Inkjet cartridge design for facilitating the adhesive sealing of a printhead to an ink reservoir
Abstract
This disclosure describes an improved ink seal between a print cartridge body and an inkjet printhead. In a preferred embodiment, a nozzle member containing an array of orifices has a substrate, having heater elements formed thereon, affixed to a back surface of the nozzle member. Each orifice in the nozzle member is associated with a single heating element formed on the substrate. The back surface of the nozzle member extends beyond the outer edges of the substrate. Ink is supplied from an ink reservoir to the orifices by a fluid channel within a barrier layer between the nozzle member and the substrate. The fluid channel in the barrier layer may receive ink fl owing around two or more outer edges of the substrate or may receive ink which flows through a hole in the center of the substrate. The nozzle member is adhesively sealed with respect to the ink reservoir body by forming an ink seal circumscribing the substrate, between the back surface of the nozzle member and the headland area of the print cartridge. This method and structure for a print cartridge headland for providing a seal directly between a nozzle member and an ink reservoir body has many advantages over other methods of providing a seal between a printhead and the ink reservoir body. One advantage is that such a structure reduces the occurrence of clogged nozzles during the adhesive sealing process. Another advantage is that there is a reduced occurrence of adhesive voids where the adhesive seal acts to encapsulate and protect the traces near the substrate which may come in contact with ink. A further advantage is that it is easier to control adhesive flow and bulges due to varying amounts and placement of adhesive. The above advantages provide reduced yield losses, and thus lower manufacturing costs, when manufacturing thermal inkjet print cartridges.
Claims
exact text as granted — not AI-modifiedWhat is claimed is:
1. An ink cartridge for an inkjet printer comprising: a nozzle member having a plurality of ink orifices formed therein; a substrate containing a plurality of heating elements and associated ink ejection chambers, said substrate mounted on a back surface of said nozzle member, each heating element being located proximate to an associated ink orifice, said back surface of said nozzle member extending over two or more outer edges of said substrate; a headland portion located proximate to the back surface of said nozzle member and including an inner raised wall circumscribing an inlet slot and having wall openings therein, said wall openings having a support surface with peninsulas extending therefrom toward the inlet slot; and an adhesive layer located between the back surface of said nozzle member and the inner raised wall to affix said nozzle member to said headland.
2. The ink cartridge of claim 1 wherein the top of the inner raised wall is adapted to accept an adhesive dispensed thereon.

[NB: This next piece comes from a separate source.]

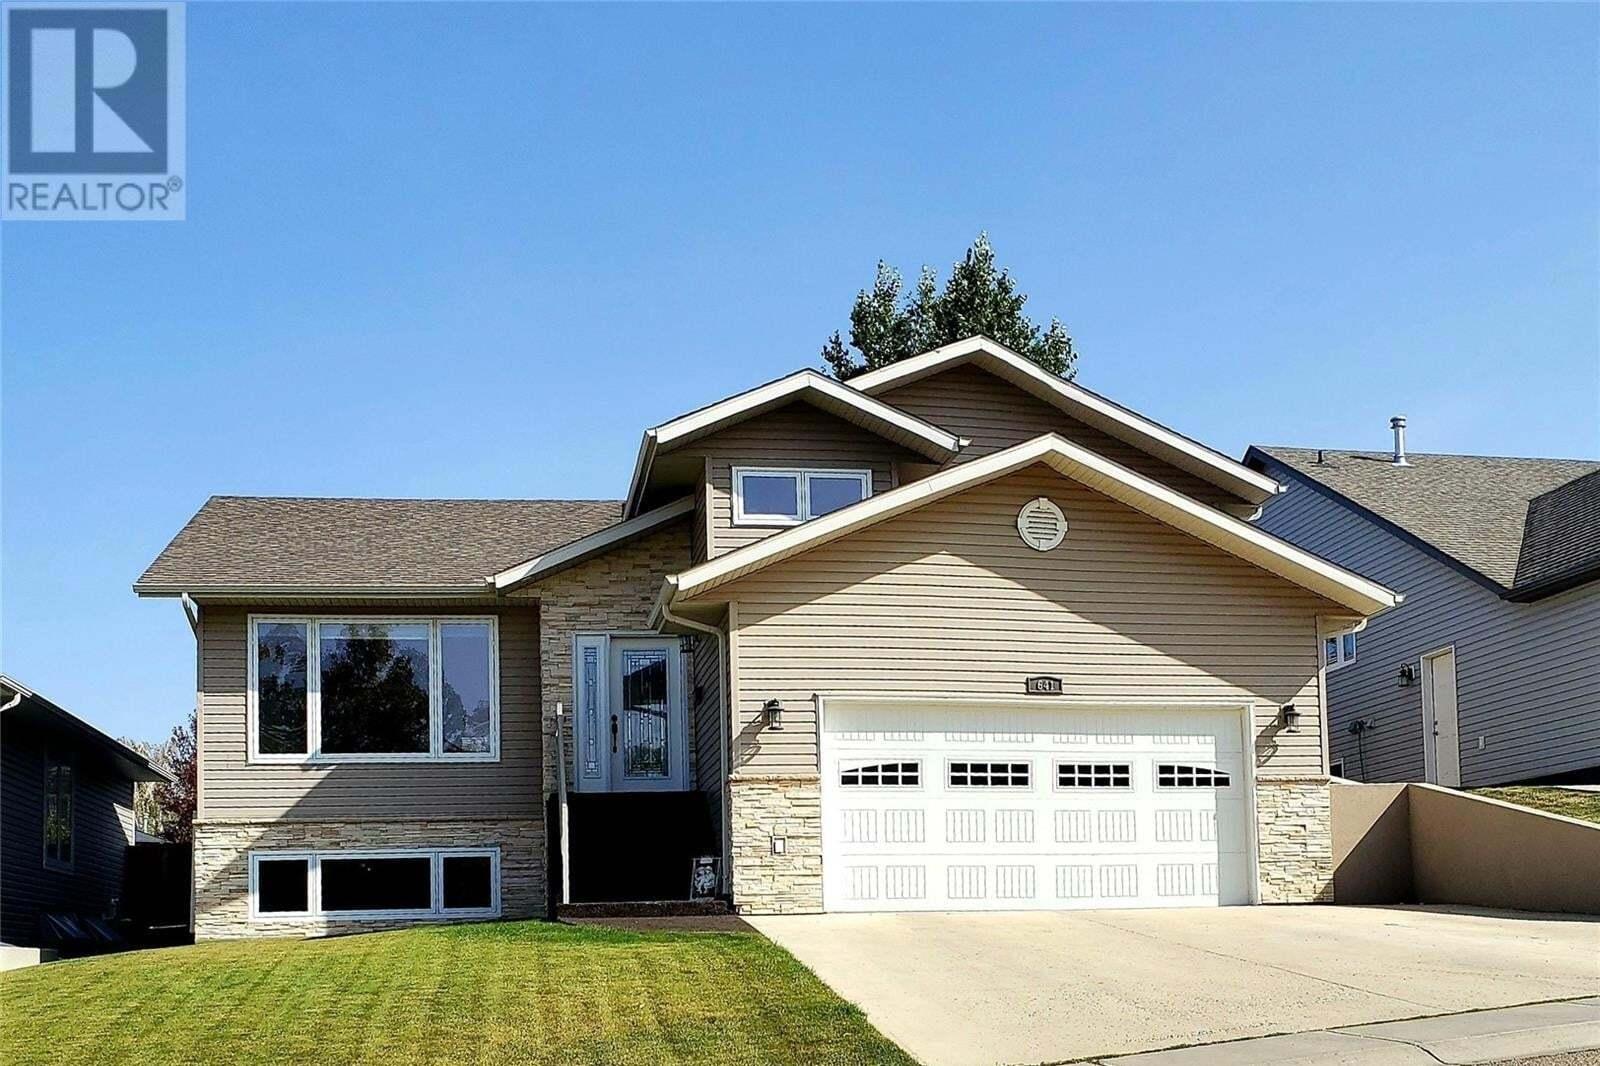 House for sale at 641 4th Ave SE Swift Current Saskatchewan - MLS: SK827108

3. The ink cartridge of claim 1 wherein the top of the inner raised wall has an indentation formed therein.
4. The ink cartridge of claim 3 wherein the indentation is a "V" shaped groove.
5. The ink cartridge of claim 1 wherein said headland portion includes adhesive ridges formed in an outer wall opposite the inner wall openings.
6. The ink cartridge of claim 1 wherein said headland portion includes downwardly sloping troughs adjacent the support surface.
7. The ink cartridge of claim 1 wherein said adhesive layer is located on the inner raised wall and along the support surface within the wall openings therein.
8. The ink cartridge of claim 1 wherein said inlet slot is in fluidic communication with an ink reservoir body.
9. The ink cartridge of claim 1 wherein said adhesive layer also forms a fluidic seal between said headland and the back surface of said nozzle member.
10. The ink cartridge of claim 1 wherein said nozzle member is formed of a flexible polymer material.
11. The ink cartridge of claim 1 wherein said nozzle member is a rigid plate.
12. The ink cartridge of claim 1 wherein said adhesive also encapsulates conductive traces affixed to said nozzle member and bonded to electrodes on said substrate.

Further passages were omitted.